Ferrari est une entreprise étonnante, à tous point de vue. Que l’on soit partisan du quatre roues jusqu’au bout du pommeau de vitesses ou écolo à enfourcher son vélo électrique à tout bout de champs, on ne peut qu’admirer l’entreprise, ses réalisations, ses performances, son palmarès, en somme son histoire. Mais aussi et surtout son histoire, celle qu’elle raconte à son écosystème : ses clients, à ses prospects, ses sponsors, ses investisseurs.

Vous ne le savez peut-être pas mais Ferrari ne se présente pas comme un constructeur de voiture de sport, mais comme un fournisseur de luxe ciblant les ultra-ultra riches (ou les 1% des 1% pour le dire autrement). C’est ce que l’on appelle le storytelling, l’histoire que l’entreprise raconte et à laquelle on croit – ou pas. Et l’on en croit cette histoire que la marque raconte à ses clients et prospects, cela fonctionne très bien : carnets de commandes remplis, marges énormes compte tenu du secteur, prévisions de croissance stratosphériques.

Des entreprises telles que Ferrari, Apple, Coca-Cola et d’autres ont réussi à élever leur storytelling au rang de mythe, autour duquel se reconnaît l’ensemble de l’écosystème. Certaines ont changé de mythe plusieurs fois au cours de leur vie (Apple ne s’adressait qu’aux geeks un peu hors système à ses débuts). Pour certaines cela fonctionne et pour d’autres c’est un gros couac : Nokia avec son « Connecting People » qui n’a pas survécu à l’arrivée du smartphone ou encore Facebook qui a englouti des dizaines de milliards avec son métavers.

Mais quand cela fonctionne c’est jackpot. Ferrari et Rolex ne vous vendent pas des voitures et des montres, elles vous font l’honneur de vous laisser rentrer dans le petit cercle de ceux qui accèdent au luxe ultime. La nuance est de taille et dans les deux cas si vous poussez la porte d’une boutique, vous pouvez au mieux espérer que l’on vous mette sur liste d’attente.

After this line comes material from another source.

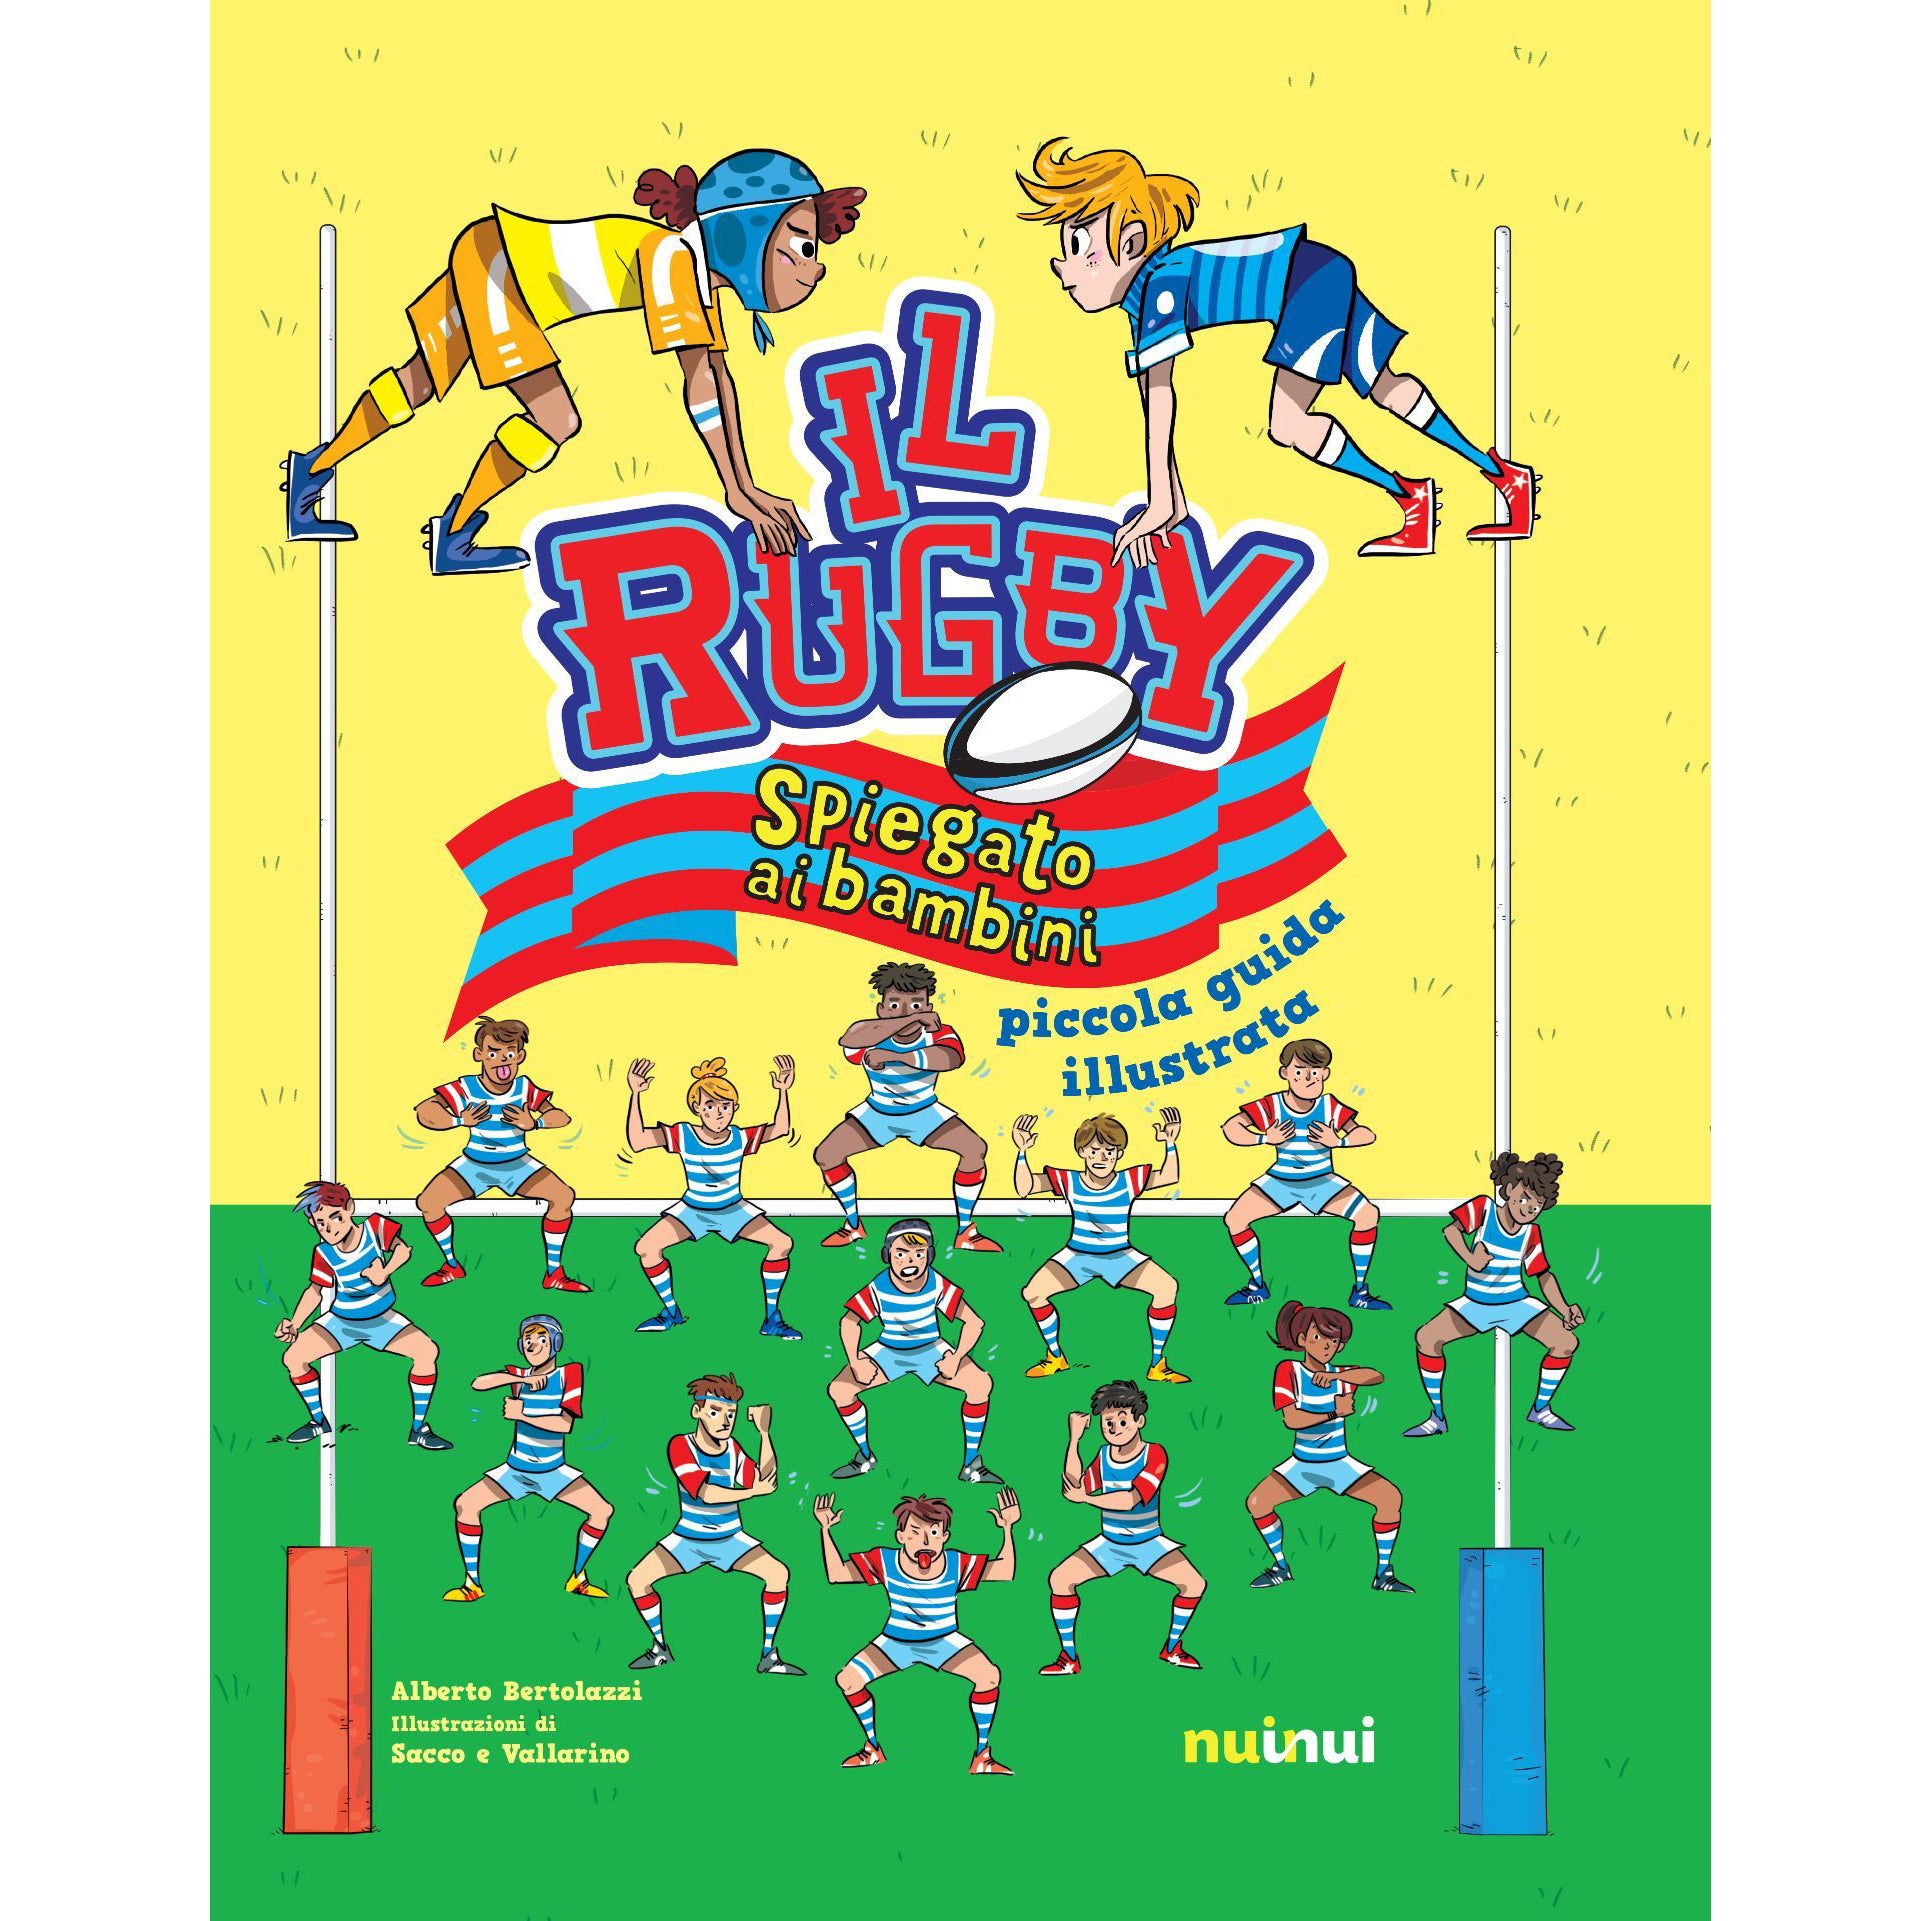 Rugby explained to children - small illustrated guide

Les religions, les nations, les marques (Nike ne vend pas des chaussures mais un style de vie, comme l’a démontré Naomi Klein dans son ouvrage « No Logo ») développent des storytellings, des mythes car cela fonctionne. 12 000 ans d’histoire depuis les débuts du néolithique sont en effet là pour en témoigner.

Mais quel est le storytelling de la cybersécurité ? Selon la culture du lecteur, la réponse sera technique, processus, qualité, geek, gouvernance, mais ne s’approchera que rarement d’un storytelling à la Ferrari / Nike / Apple, et c’est certainement pour cela que depuis 15 ans on rame en rond dans la mare à bugs. C’est pour cela que le RSSI est rarement au board, que les pouvoirs publics n’ont, dans quasiment aucun pays occidental, saisi l’ampleur de la menace et les moyens qu’il faudrait y consacrer dans les vingt prochaines années pour éviter que l’Internet devienne un coupe-gorge et que les organisations n’aient d’autres choix que de s’en déconnecter comme récemment cette expérience de Google (certes à petite échelle) sur 2 500 de ses salariés.

La cybersécurité ne se perdra pas simplement faute de combattants, comme je m’en ouvrais récemment dans cet article, elle se perdra aussi faute de marketing des DSI et des RSSI qui auront échoué à s’accorder sur un storytelling auquel adhère la direction générale, les pouvoirs publics, les DSI elles-mêmes et tout l’écosystème. Pas sûr, bien entendu, qu’un storytelling bien léché suffise à faire remonter la cybersécurité dans la hiérarchie des priorités (et des investissements, et des recrutements, et des formations, etc.) mais il est peu probable que sans cela on dure bien longtemps à ce rythme.

Récemment je suis tombé sur cette page Wikipédia, qui relate les principaux faits marquants de l’année 1024, soit il y a 1 000 ans. Il serait intéressant que dans le Wikipédia du futur, nos descendants en 3024 consulte la page de 2024 et voient, dans la liste des faits marquants, la killer-storytelling qui a enfin mis la cybersécurité au centre du monde. Suite logique quand on y pense, après avoir cru que le soleil tournait autour de la Terre, on a fini par admettre que c’était l’inverse. On finira donc bien par se rendre compte que c’est la DSI qui tourne autour de la cybersécurité et pas l’inverse.